Susan Buckland gets in hot water in Iceland discussing the most pressing issue of our times
The acclaimed Icelandic film and theatre director, Benedikt Erlingsson, has suggested we meet for the interview in one of Reykjavik's public hot pools. You'll be able to experience Iceland's pool culture, he explains. The British have their pubs. Icelanders have their geothermally heated pools and springs. They are favourite places for exercise, catching up with friends and talking business. There's nothing like semi-submersion in a hot tub to achieve consensus.
True. But in my case, retaining information while in a soporific haze of steam has never been a strong point. A request to meet on dry land is graciously met and Erlingsson's studio proves an atmospheric alternative. Stage props and film reels stack up on tables and along walls hung with interesting art. Guitar, organ and piano compete for space, and through the windows are views out to Reykjavik, Iceland's vibrant little capital and home to most of its 350,000 people.
Over cups of herbal tea, I tell my host that his prize-winning Icelandic film Woman at War inspired my visit to Iceland. Directed and co-written by Erlingsson, it's a compelling, quirky and darkly comic story about Halla, a genial middle-aged choir mistress by day who turns into a fearless environmental warrior by night. She's out to protect Iceland's pristine highlands from the squandering march of industry. The film is infused with striking music and landscapes. And, like Erlingsson's 2015 film Of Horses and Men, it's a significant contributor to Iceland's growing film and tourist industries.

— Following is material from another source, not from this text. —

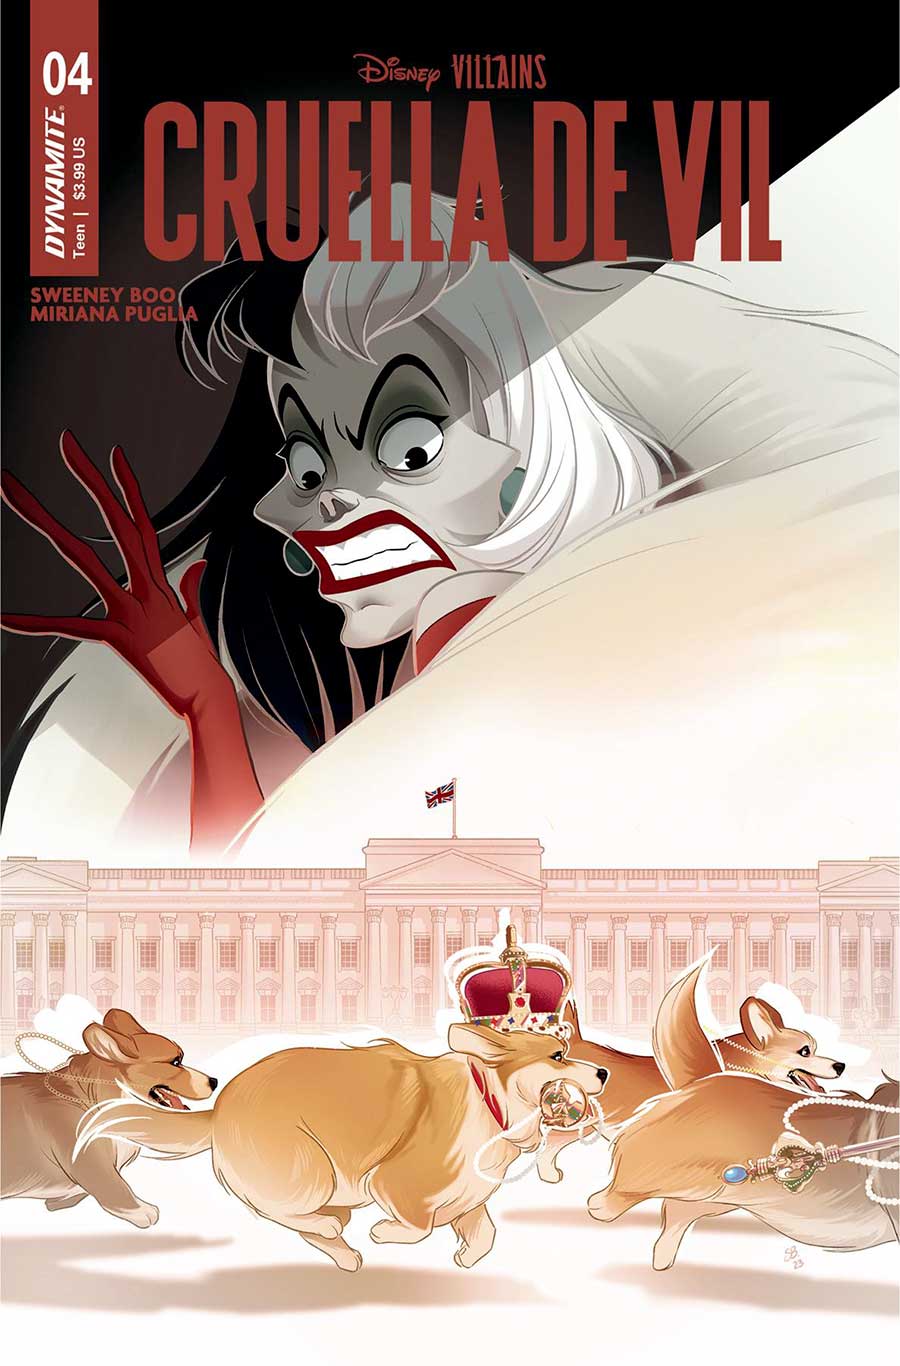 Disney Villains Cruella De Vil #4 Cover A Regular Sweeney Boo Cover

Foreign film-makers are attracted to the country's rugged mountain and coastal scenery, and to accessible glaciers and lunar landscapes. Tours to the film locations, such as the the epic television series Game of Thrones, have mushroomed in their wake. But it's through the home-made productions that Iceland's character resonates.
The arts are an important investment in Iceland's future, says Erlingsson. They help preserve the language and cultural life, at the heart of which are the 13th century sagas, legends about Iceland's pioneering leaders. A national passion for books stems from the sagas and Iceland is said to have more writers and publishers of books per head of population than any other country. Christmas presents of books are a tradition and ideal gifts for hunkering down with during the long and biting winters.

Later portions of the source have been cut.